I consider Chesterton to be the most universal thinker I've ever encountered. Like Sophocles in Arnold's poem "He saw life steadily, and saw it whole". His knowledge of history especially-- the history of ideas-- saved him from any kind of intellectual parochialism. He could enter sympathetically and generously into every point of view, without being in any way relativistic.
I don't think he's flawless, and the hero-worship of some Chestertonians can get tiresome, but it's surprising how often you THINK you've found a blind spot but you later realize you were wrong.

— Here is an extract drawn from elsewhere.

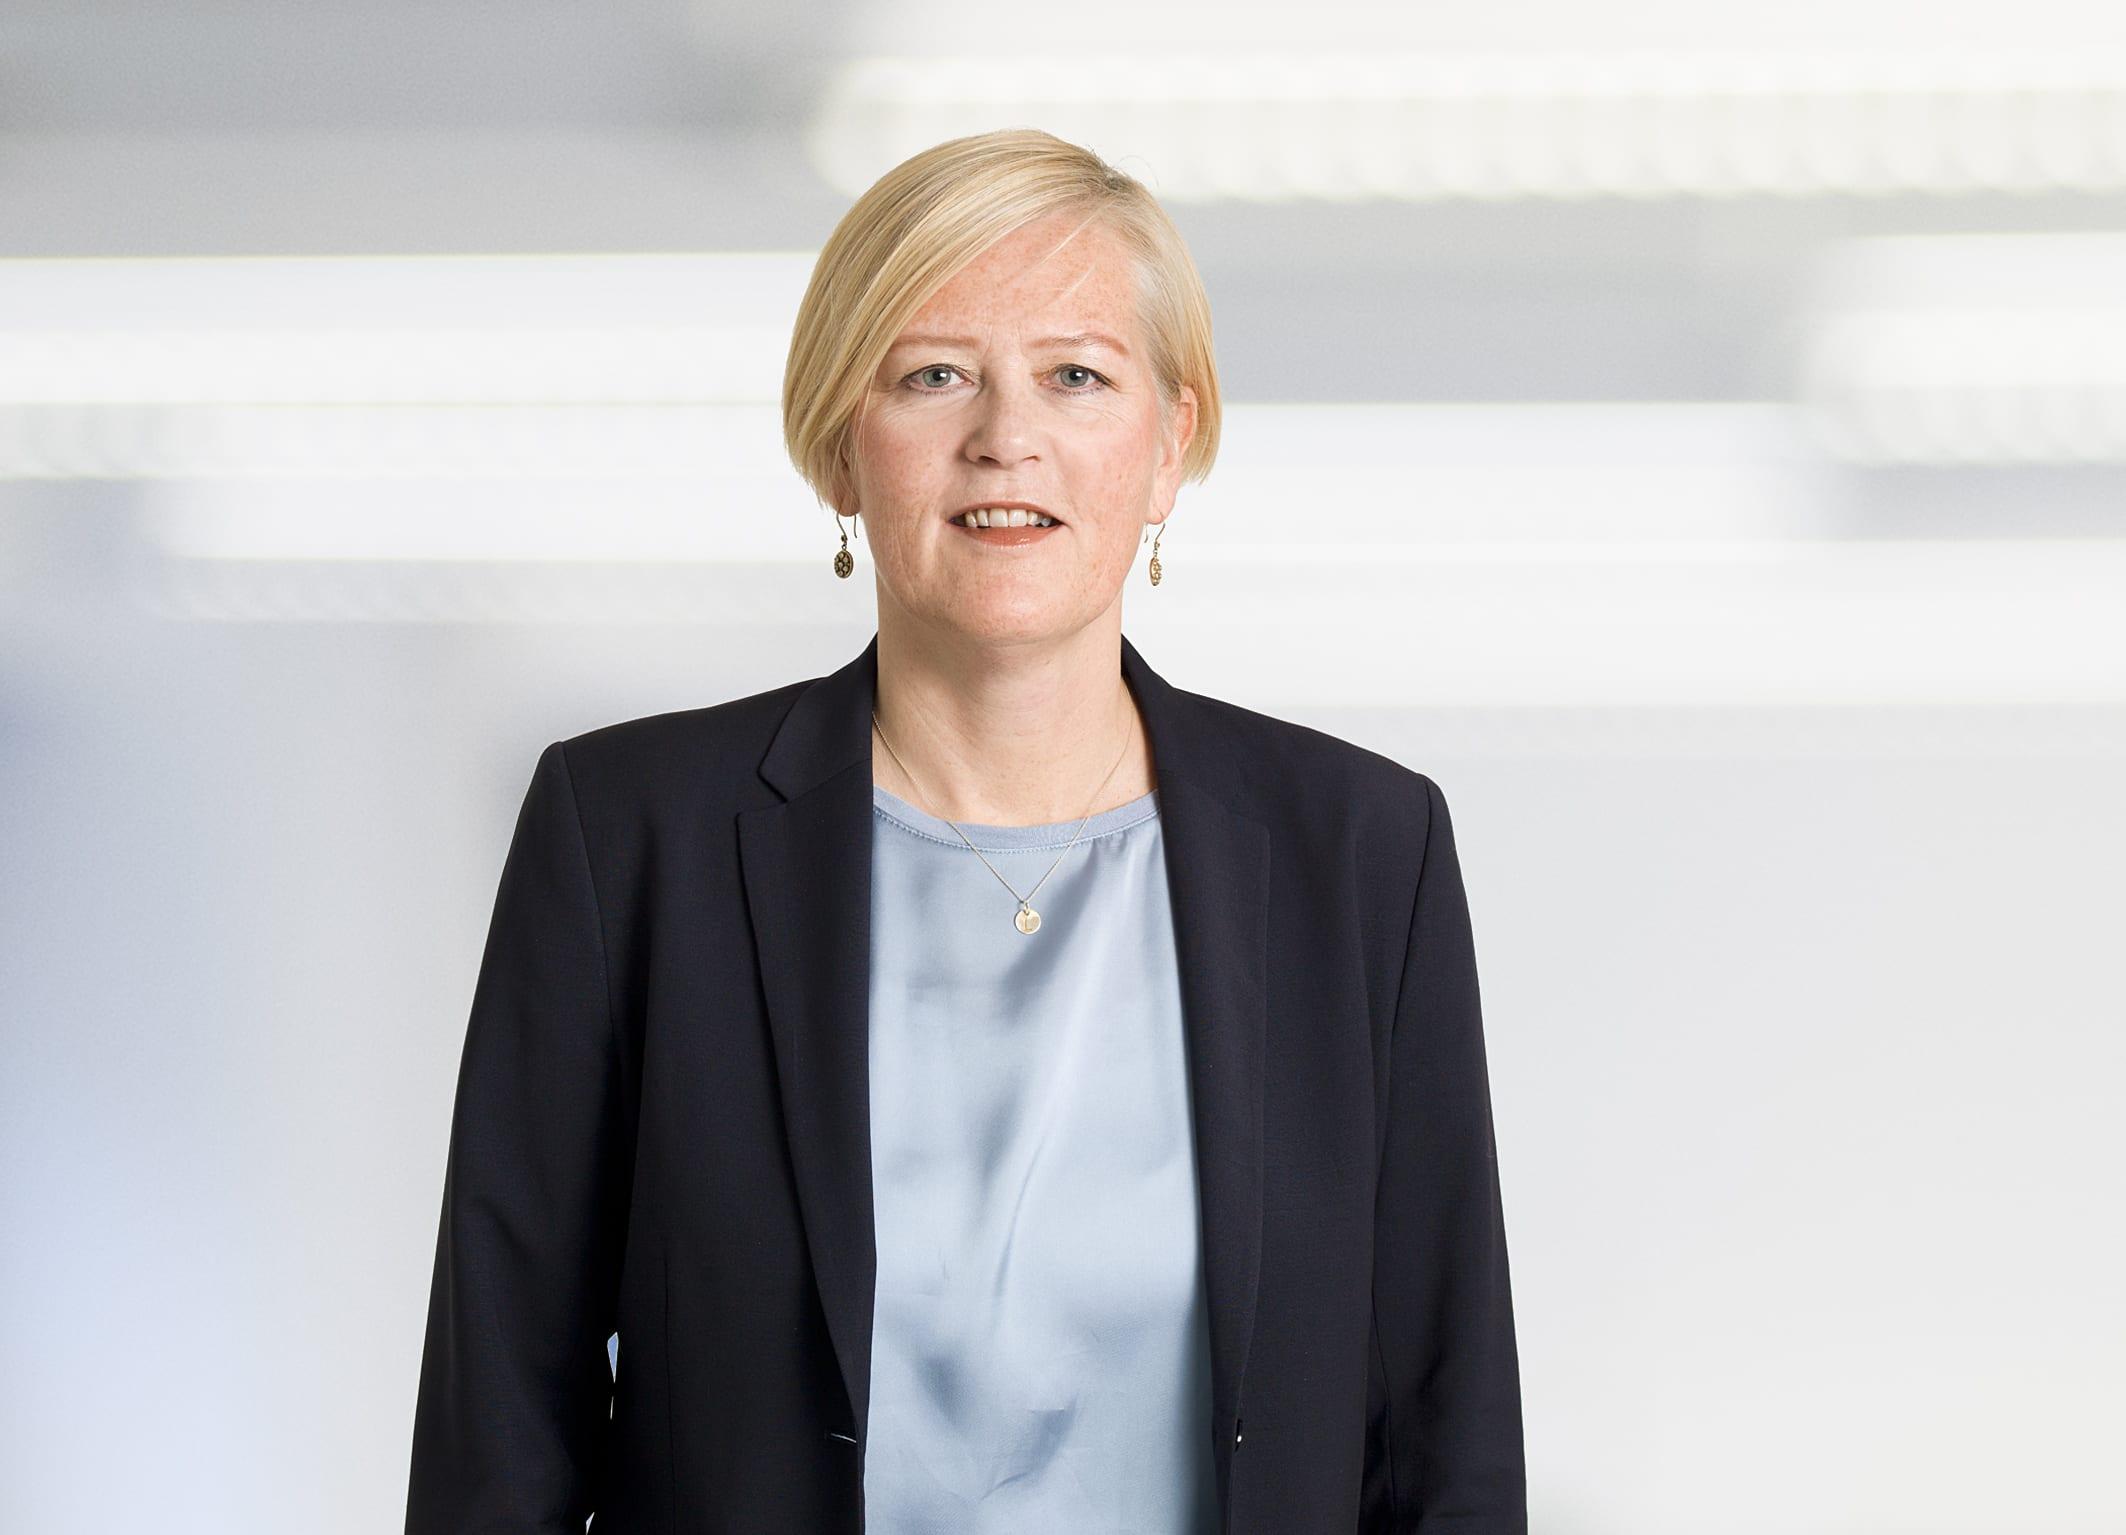 Laila Johnsen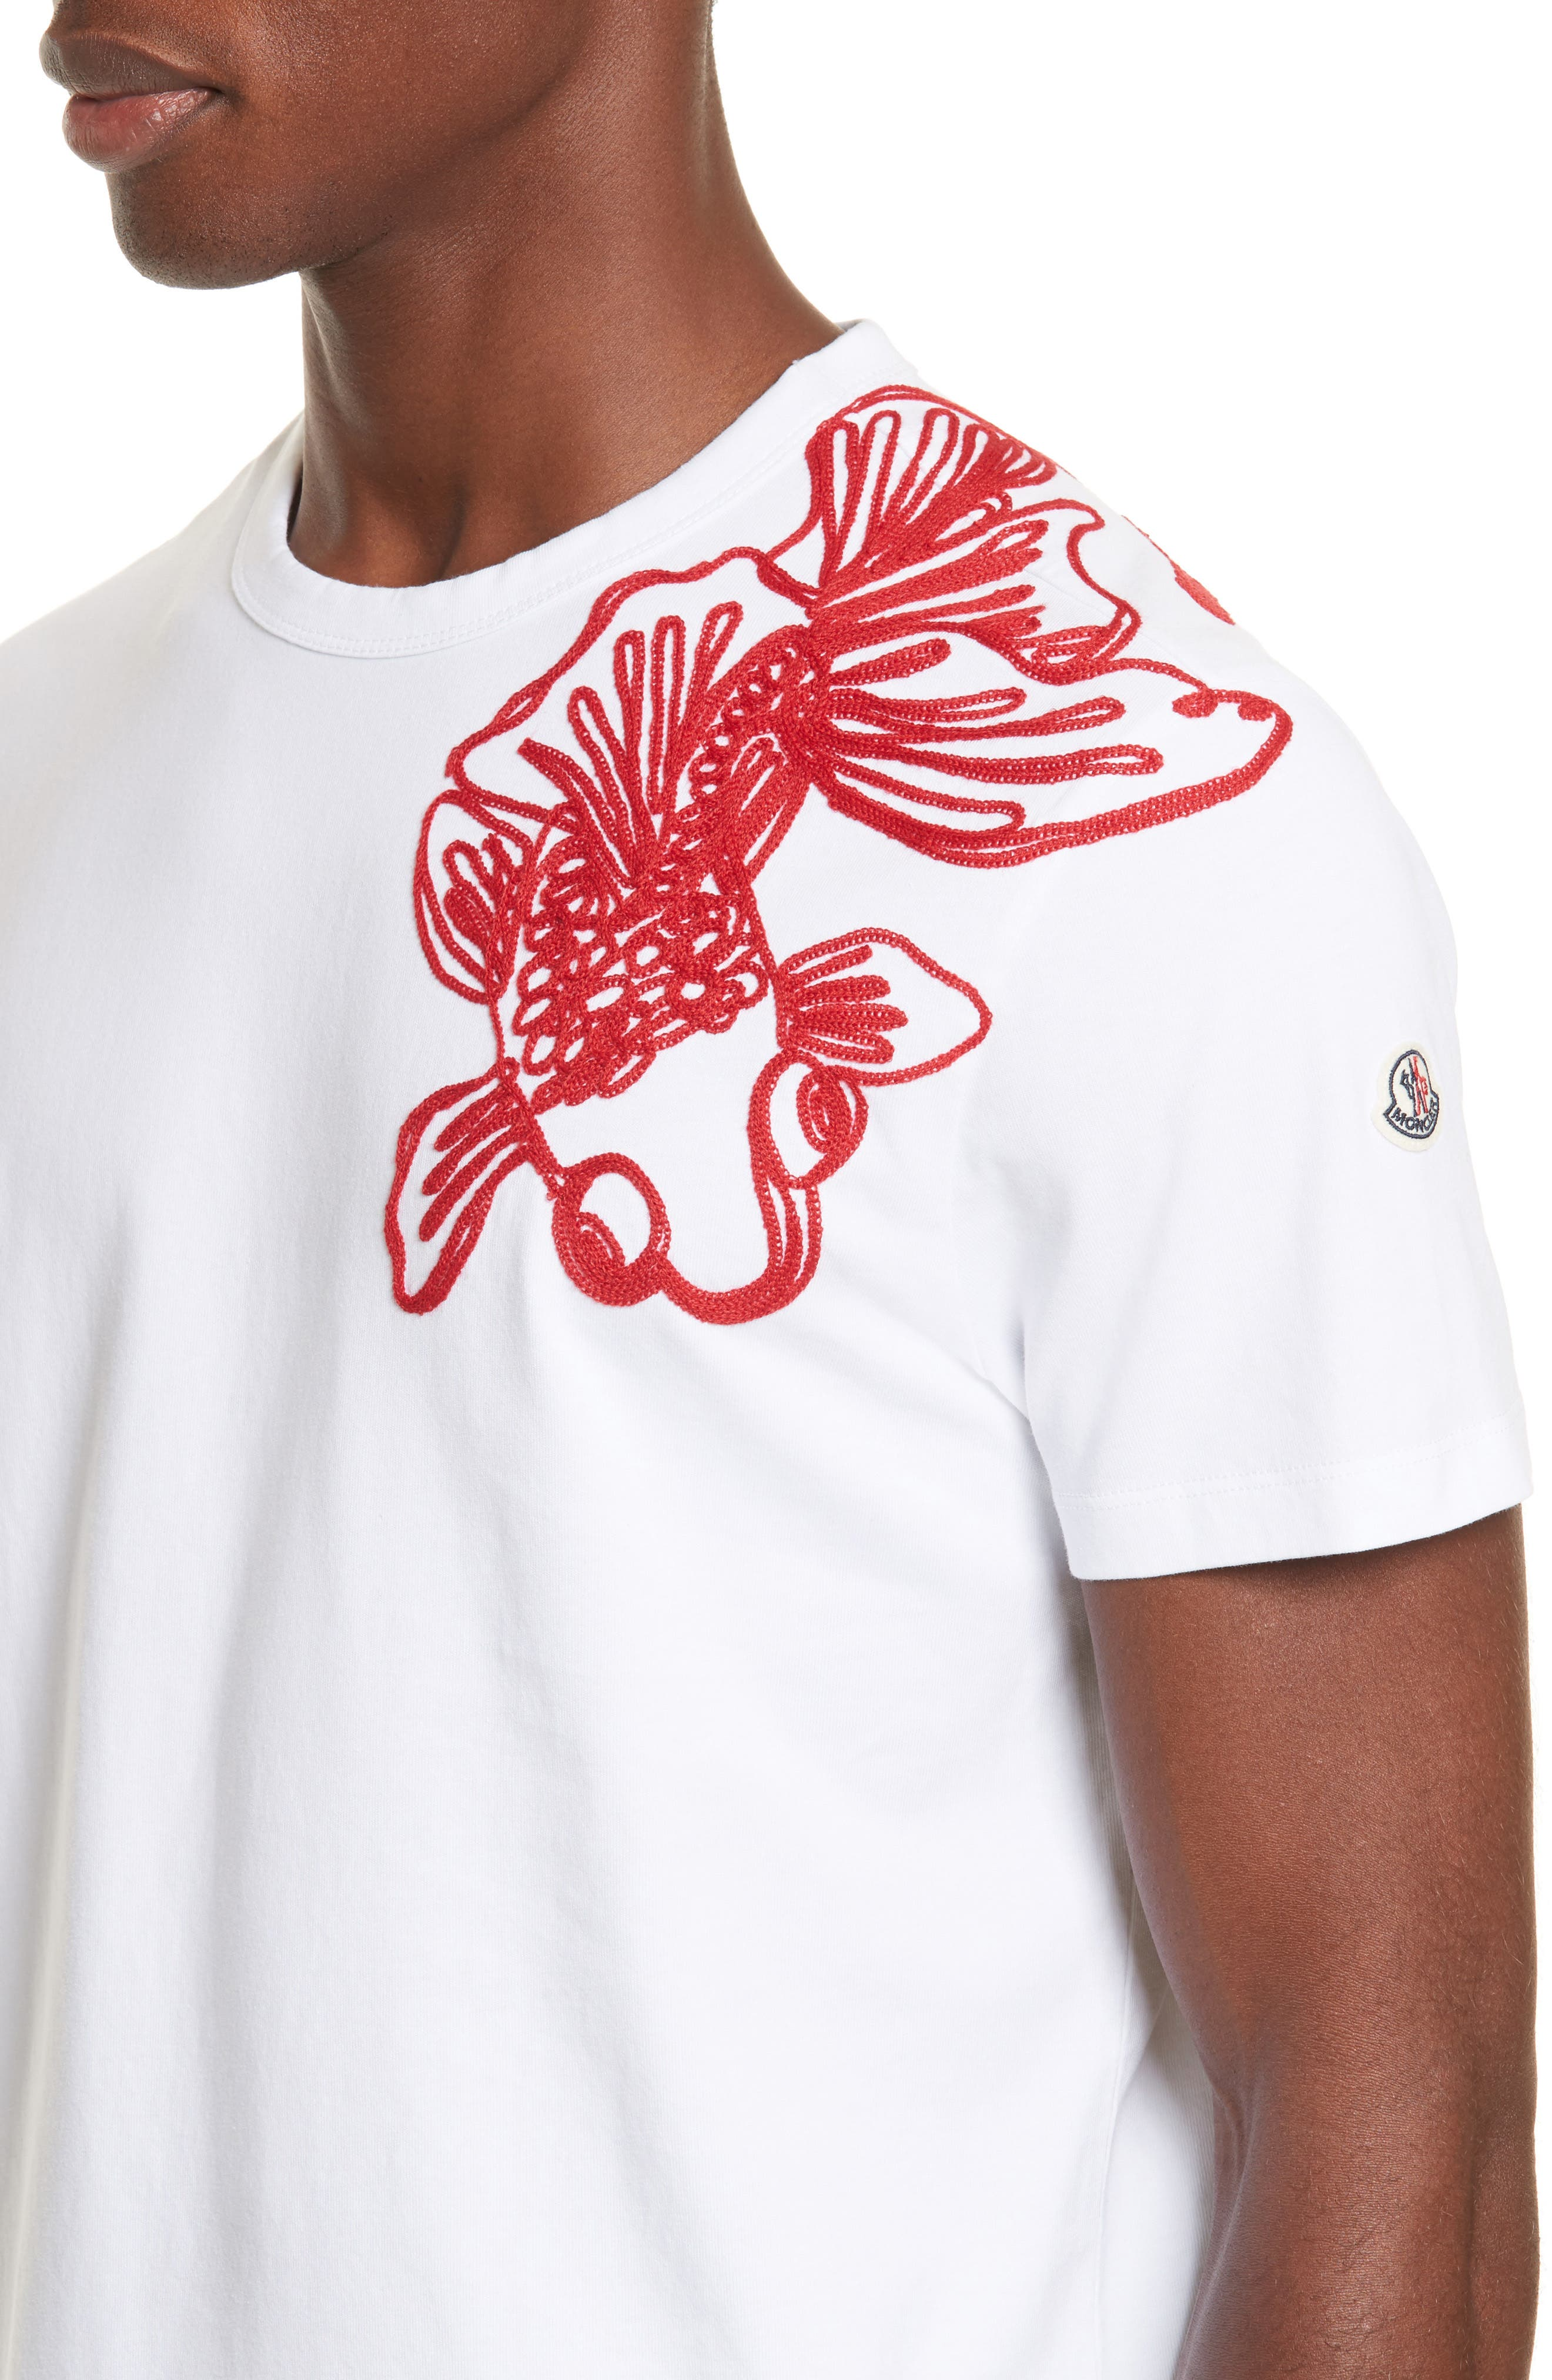 Embroidered Koi Fish T-Shirt,                             Alternate thumbnail 4, color,                             White

I much prefer his non-fiction to his fiction; his characterization and dialogue is very poor, except (in the latter case), when it's funny, as in this exchange in The Man Who Was Thursday:
“You are Mr. Syme, I think,” he said. Syme bowed. “And you are the Marquis de Saint Eustache,” he said gracefully. “Permit me to pull your nose.” He leant over to do so, but the Marquis started backwards, upsetting his chair, and the two men in top hats held Syme back by the shoulders. “This man has insulted me!” said Syme, with gestures of explanation. “Insulted you?” cried the gentleman with the red rosette, “when?” “Oh, just now,” said Syme recklessly. “He insulted my mother.” “Insulted your mother!” exclaimed the gentleman incredulously. “Well, anyhow,” said Syme, conceding a point, “my aunt.” “But how can the Marquis have insulted your aunt just now?” said the second gentleman with some legitimate wonder. “He has been sitting here all the time.” “Ah, it was what he said!” said Syme darkly. “I said nothing at all,” said the Marquis, “except something about the band. I only said that I liked Wagner played well.” “It was an allusion to my family,” said Syme firmly. “My aunt played Wagner badly. It was a painful subject. We are always being insulted about it.” “This seems most extraordinary,” said the gentleman who was decore, looking doubtfully at the Marquis. “Oh, I assure you,” said Syme earnestly, “the whole of your conversation was simply packed with sinister allusions to my aunt’s weaknesses.” “This is nonsense!” said the second gentleman. “I for one have said nothing for half an hour except that I liked the singing of that girl with black hair.” “Well, there you are again!” said Syme indignantly. “My aunt’s was red.” “It seems to me,” said the other, “that you are simply seeking a pretext to insult the Marquis.” “By George!” said Syme, facing round and looking at him, “what a clever chap you are!”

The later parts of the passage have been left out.